While Lloyd's of London is an "insurance company" you can't buy insurance directly from them. You (or rather your broker) buys it from one or more (typically multiple) syndicates for whom Lloyd's provides the paper. Each syndicate has to be approved by Lloyd's, and have capacity backers who put funds on deposit with Lloyd's to ensure that the money will be there to pay for claims.

So who would seek insurance from a syndicate at Lloyd's? Many people -- 1. large risks for which no single insurer would be wiling to write the whole thing. For example, the syndicate I worked for had a small (2.5%) line on Costa Concordia. No single carrier would write the $1B policy, so instead a bunch of them agreed to take a piece of it. 2. Obscure coverages that aren't available elsewhere, or at least not broadly available. For example, insuring Tina Turner's legs. 3. Worldwide coverage that is easier for a global organization like Lloyd's to handle, for example, political risk coverage, or equine mortality on horses that compete globally rather than just in one country.

Thinking of Lloyd's as a marketplace is not wrong, but it's also not complete. It's a risk bearing entity, but it tries to ensure that syndicates are capitalized well enough that there is never a risk to the central fund. Their is a chain of security that goes like this -- syndicate assets (from premiums collected, like a regular insurance company), then members Funds at Lloyd's (FAL), which is the money that syndicate backers have to deposit at Lloyd's to cover the risk that syndicate assets are not adequate. Lastly, the Central Fund has about GBP 2B in assets to cover any shortfall from either of the first two items. Also, note that capital backers are at risk for more than their FAL, as a syndicate that loses money can make a cash call on its members. So, in essence, the Central Fund is 4th in line after syndicate assets, members' FAL, then cash calls on members.

Theoretically as a member/name you have unlimited liability, but obviously if you are not solvent, you can owe money that you don't have/can't pay. So that's where the Central Fund takes over. Names are simply people/businesses that have agreed to back the activities of one or more syndicates.

Also, it is not uncommon for a risk to be partially placed in the Lloyd's market, and partially placed in the company market. This could be because they couldn't fully place the risk in one or the other, or they intentionally want to diversify that risk.

As far as companies go, they would use Lloyd's for a couple reasons -- 1. access to a different type of business, 2. an "easy" way to get global business without establishing a legal entity in each country, 3. diversifying their US exposures.

As to being lumped in with other capital providers, that is a risk, but again recognize that most risks are placed with multiple syndicates as the limits are too big for any one syndicate to write the whole limit. If you visit the Lloyd's building what you will see is rows and rows of "boxes" each staffed by underwriters from a different syndicate.

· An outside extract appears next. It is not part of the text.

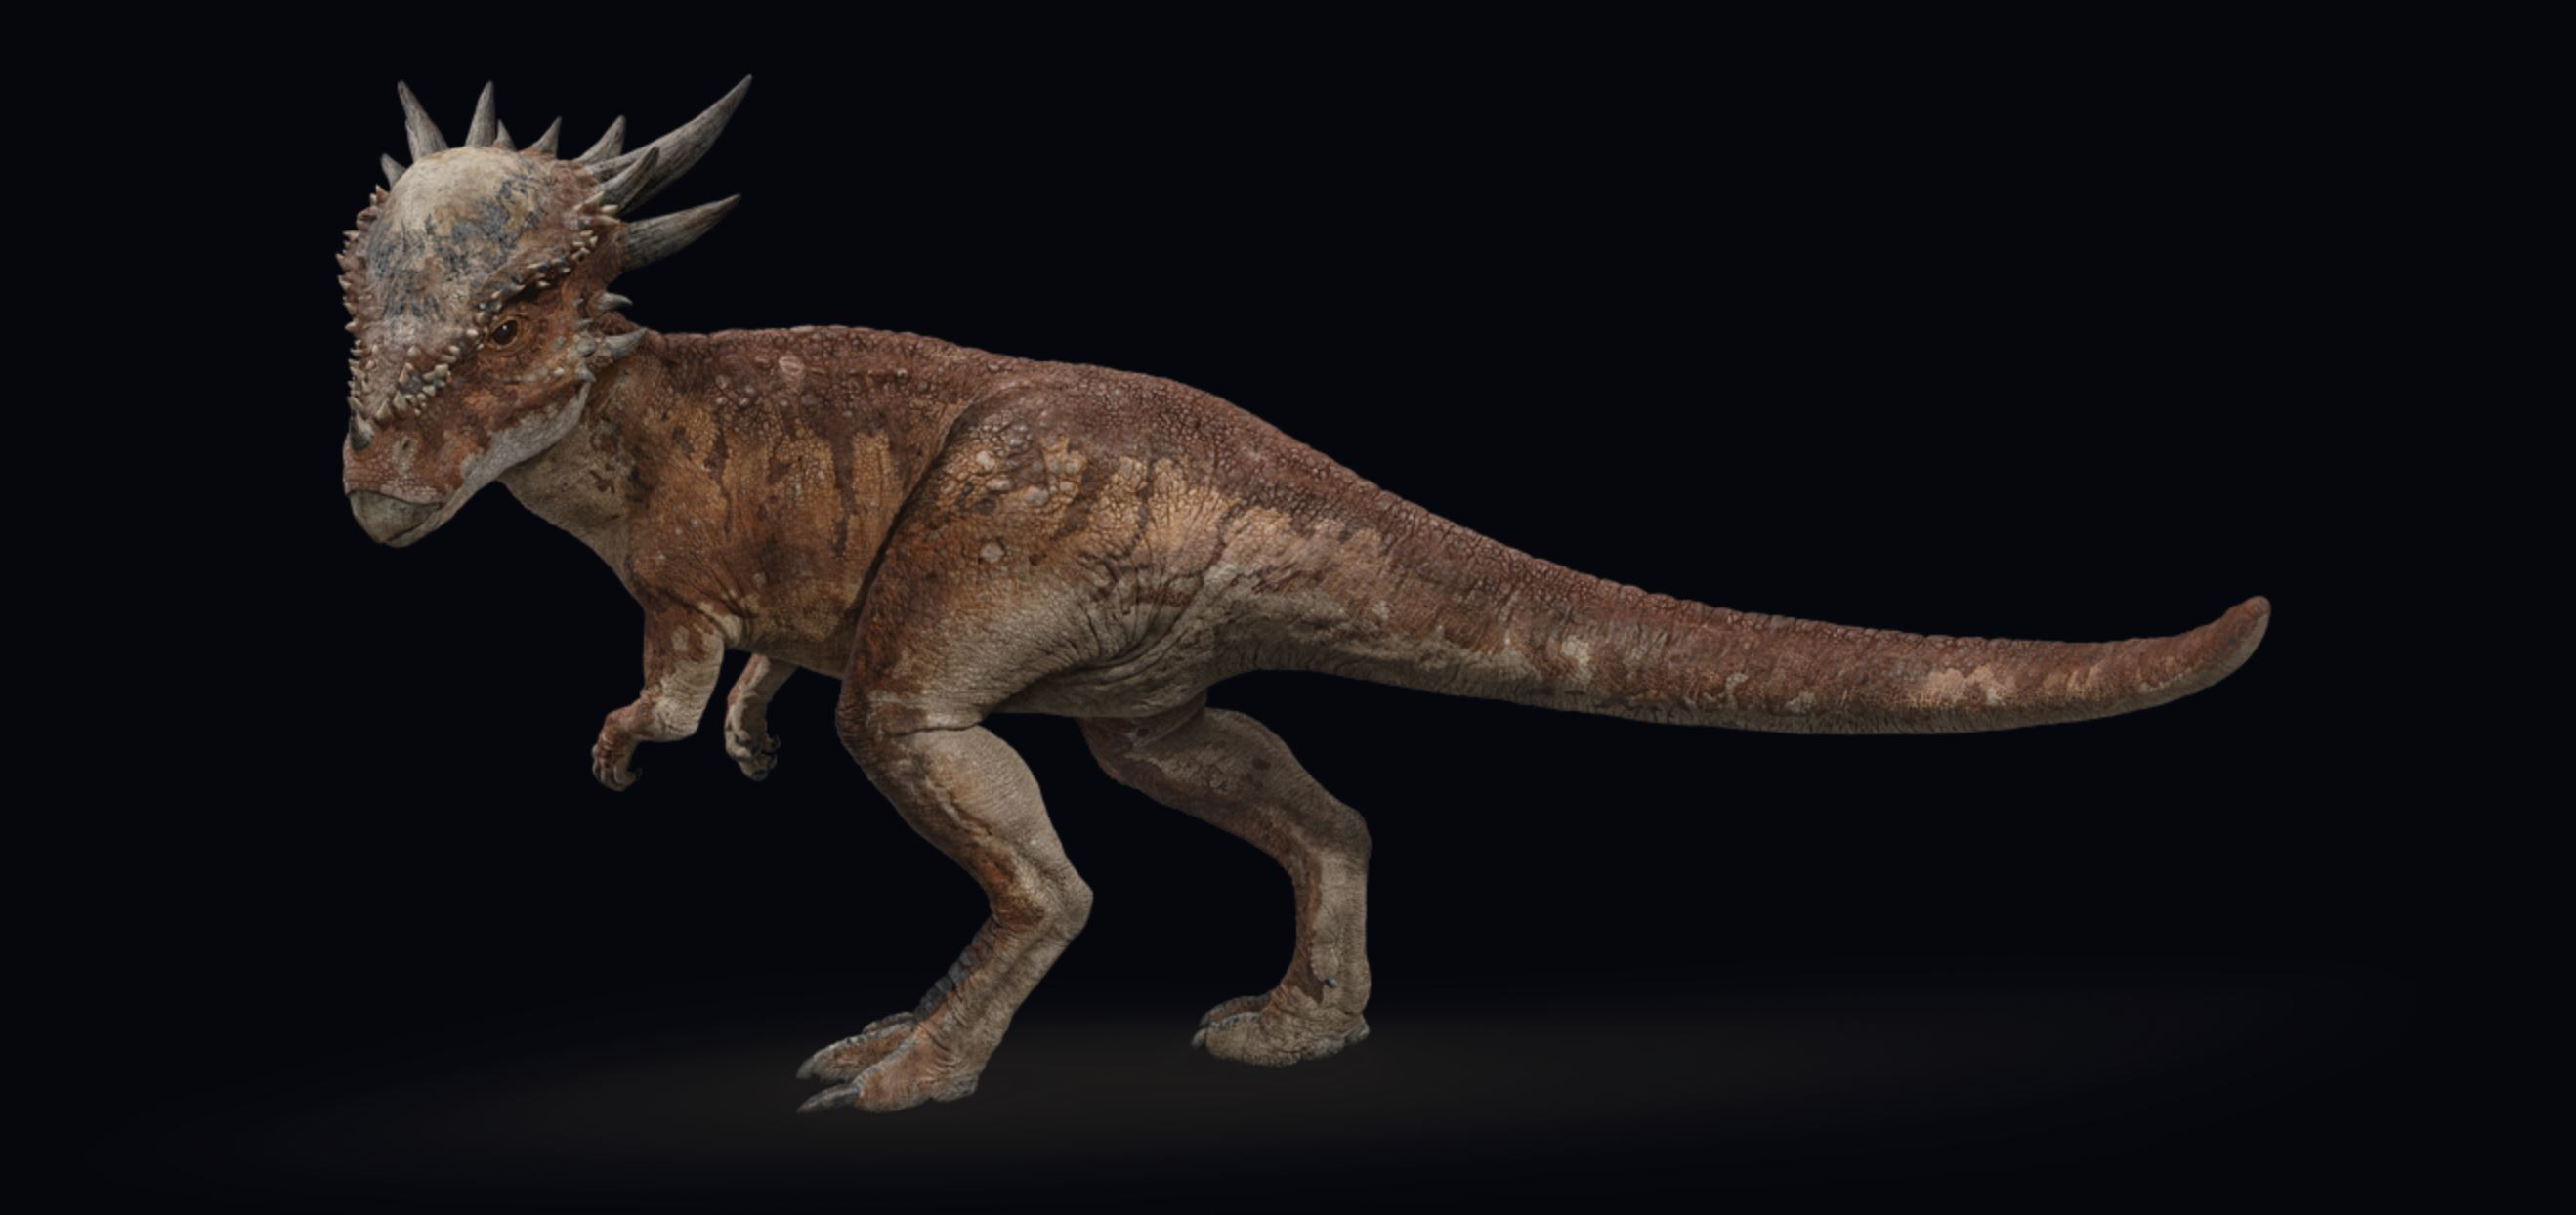 Stygimoloch marketing images( found in the net)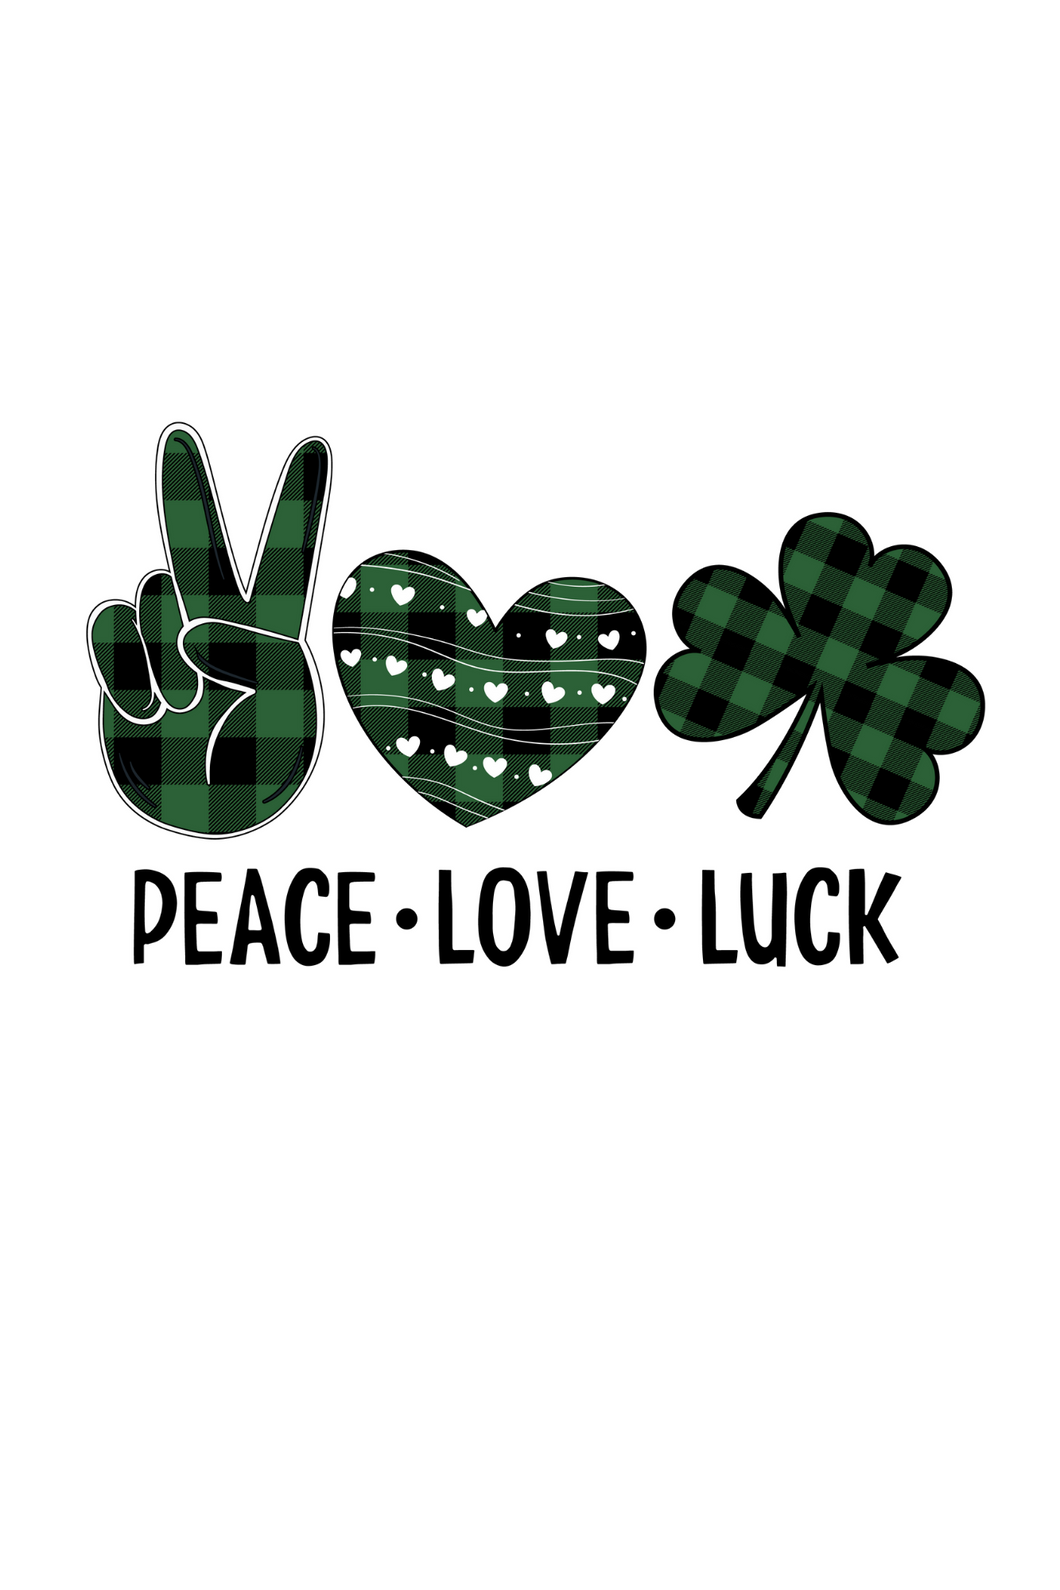 Ready to Press OKI Transfer- Peace. Love. Luck

Brokers go from box to box trying to get some of the risk placed. Individual syndicates also have multiple boxes, by line of business. So they might have a marine box, a GL box, etc. Over time syndicates establish a reputation for their appetite so brokers will seek them out. Some syndicates are seen as "leading markets" which means they'll take a bigger share, while others are "follower markets" which means they might just take a small share once they see that others are on the slip.

Hopefully this makes some sense. I spent 5 years in London as the CFO of a syndicate so I"m pretty well versed in how it works.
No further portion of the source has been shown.